Après l’annulation de quatre PSE, Unilever a fini par céder sur plusieurs points importants : le transfert des installations administratives et industrielles du site à la Scop des salariés, pour l’euro symbolique ; le soutien financier au démarrage et au développement du plan alternatif des salariés en sécurisant les acquis obtenus et en ouvrant des perspectives sérieuses, notamment par diverses mesures contribuant au développement commercial (recherche de débouchés de production, construction d’une marque, renforcement de l’appareil commercial et administratif…) ; une contribution de 20 millions d’euros au fonds de roulement ; le financement d’une formation pour les salariés de la Scop ; la participation à la remise en état, au développement, à la modernisation et à la diversification de l’outil de travail ; le maintien des institutions représentatives du personnel pendant une période suffisante permettant la maîtrise du dossier jusqu’à la création officielle de la Scop ; l’obtention d’une prime substantielle de préjudice pour chaque salarié en lutte, venant s’ajouter aux indemnités légales.
C’est vraiment dans la dernière ligne droite que l’État a enfin agi pour que le conflit aboutisse, ce qui est à noter, surtout quand on voit ce qu’est la politique de ce gouvernement « de gauche ». Certains ministres d’aujourd’hui s’étaient engagés à réquisitionner la marque « Éléphant », ce qui n’a jamais été tenu. Précisons aussi qu’avec l’ANI mis en place par ce même gouvernement, notre lutte n’aurait pas pu exister et nous serions morts.

Quel sentiment après trois ans et demi de lutte ?
D’abord, une immense satisfaction, surtout dans le contexte général et après le dimanche noir qui a vu le FN arriver en tête aux élections européennes. Notre victoire est un peu un camouflet pour ce FN qui a été le seul parti à ne jamais dire un mot de soutien à notre lutte, alors que tous les autres partis, même avec une dose plus ou moins forte de mauvaise foi, ont fait un jour ou l’autre une déclaration de soutien.
Notre victoire est la preuve qu’il n’y a jamais de fatalité, même contre une grande multinationale. Unilever, c’est 53 milliards de chiffre d’affaire et 5 milliards de bénéfice net par an. C’est aussi deux milliards de produits vendus dans le monde. Notre lutte était celle du « pot de thé contre le pot de fer », et nous l’avons gagnée.

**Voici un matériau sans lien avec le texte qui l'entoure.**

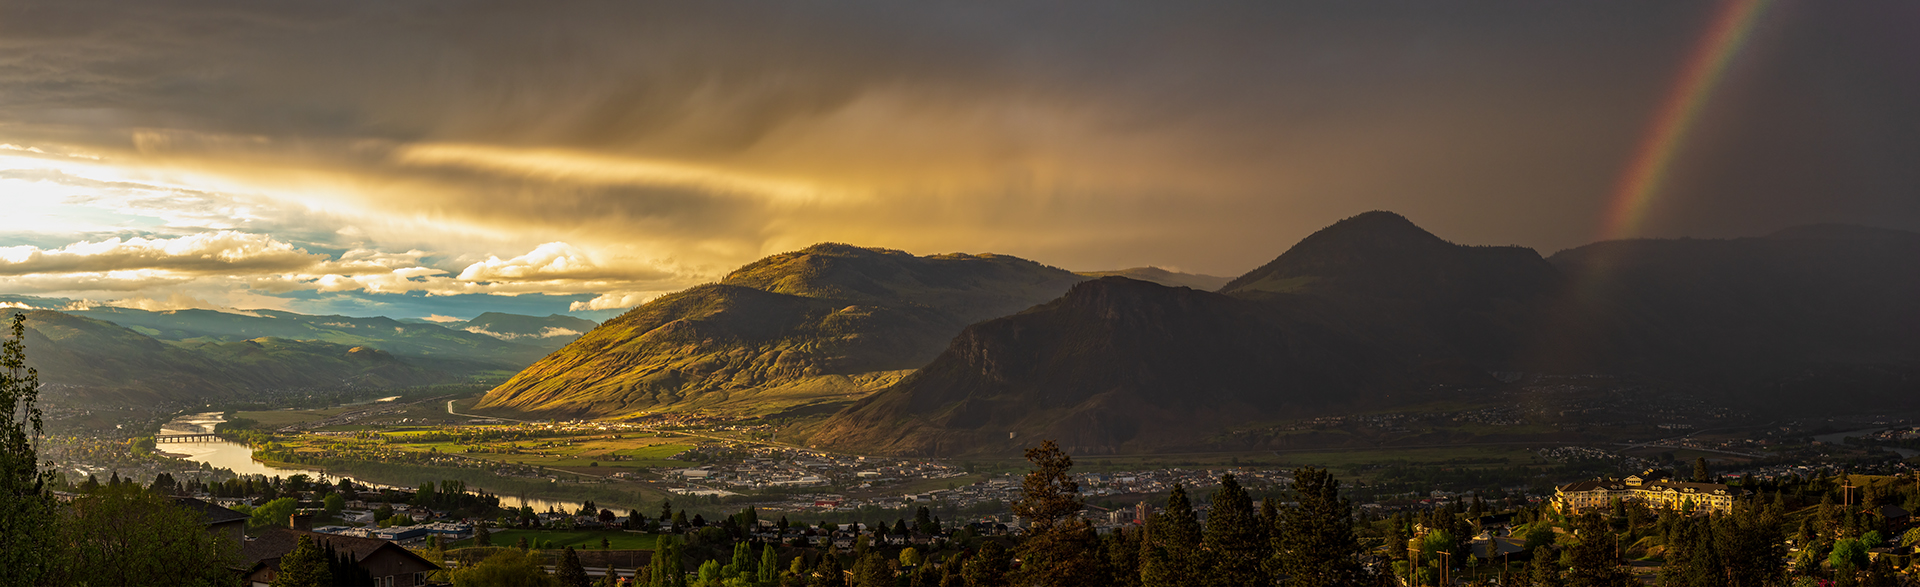 Kamloops Landscape faraway view of country landscape with mountain and rainbow

Au-delà de la victoire, que représente votre lutte ?
Notre combat pour la Scop, dans lequel nous entrons maintenant, n’est pas gagné d’avance. Le capitalisme est hélas toujours là, et on va être obligé de vivre dedans. Nous ne serons qu’une poche de résistance.
Mais nous avons rencontré beaucoup d’autres travailleurs en lutte comme les ex-Pilpa qui ont inauguré leur Scop, ou une petite entreprise de charpentes à Gardanne qui continue à fonctionner.

Et maintenant ?
Il est difficile de fixer une date précise de démarrage de la Scop. Nous allons d’abord liquider tout ce qui tourne autours du conflit, y compris les aspects individuels. 14 d’entre nous continueront à être payés par Unilever pendant 2 ans, en comptant le congé de reclassement. Mais nos 1 336 jours de lutte ont aussi permis à certains salariés, qui n’avaient pas les annuités pour partir à la retraite, de les gagner. À partir de maintenant, 50 à 60 ex-salariés d’Univeler entrent comme coopérateurs et vont se mettre au travail.
Nous allons pouvoir concrétiser les liens que nous avons noués avec des petits producteurs de thé et de plantes aromatiques, pour établir des rapports sur la base d’échanges équitables, et fabriquer des produits de meilleure qualité… sans avoir à rémunérer des actionnaires. Mais d’ici là, nous allons organiser une grande fête dans notre usine pour fêter la victoire avec toutes celles et tous ceux qui ont été à nos côtés sans répit depuis le début.

Quel message à celles et ceux qui luttent ?
Se dire toujours qu’il n’y a pas de fatalité, et que si la victoire n’est jamais acquise d’avance, seuls ceux qui ne luttent pas sont assurés de la défaite.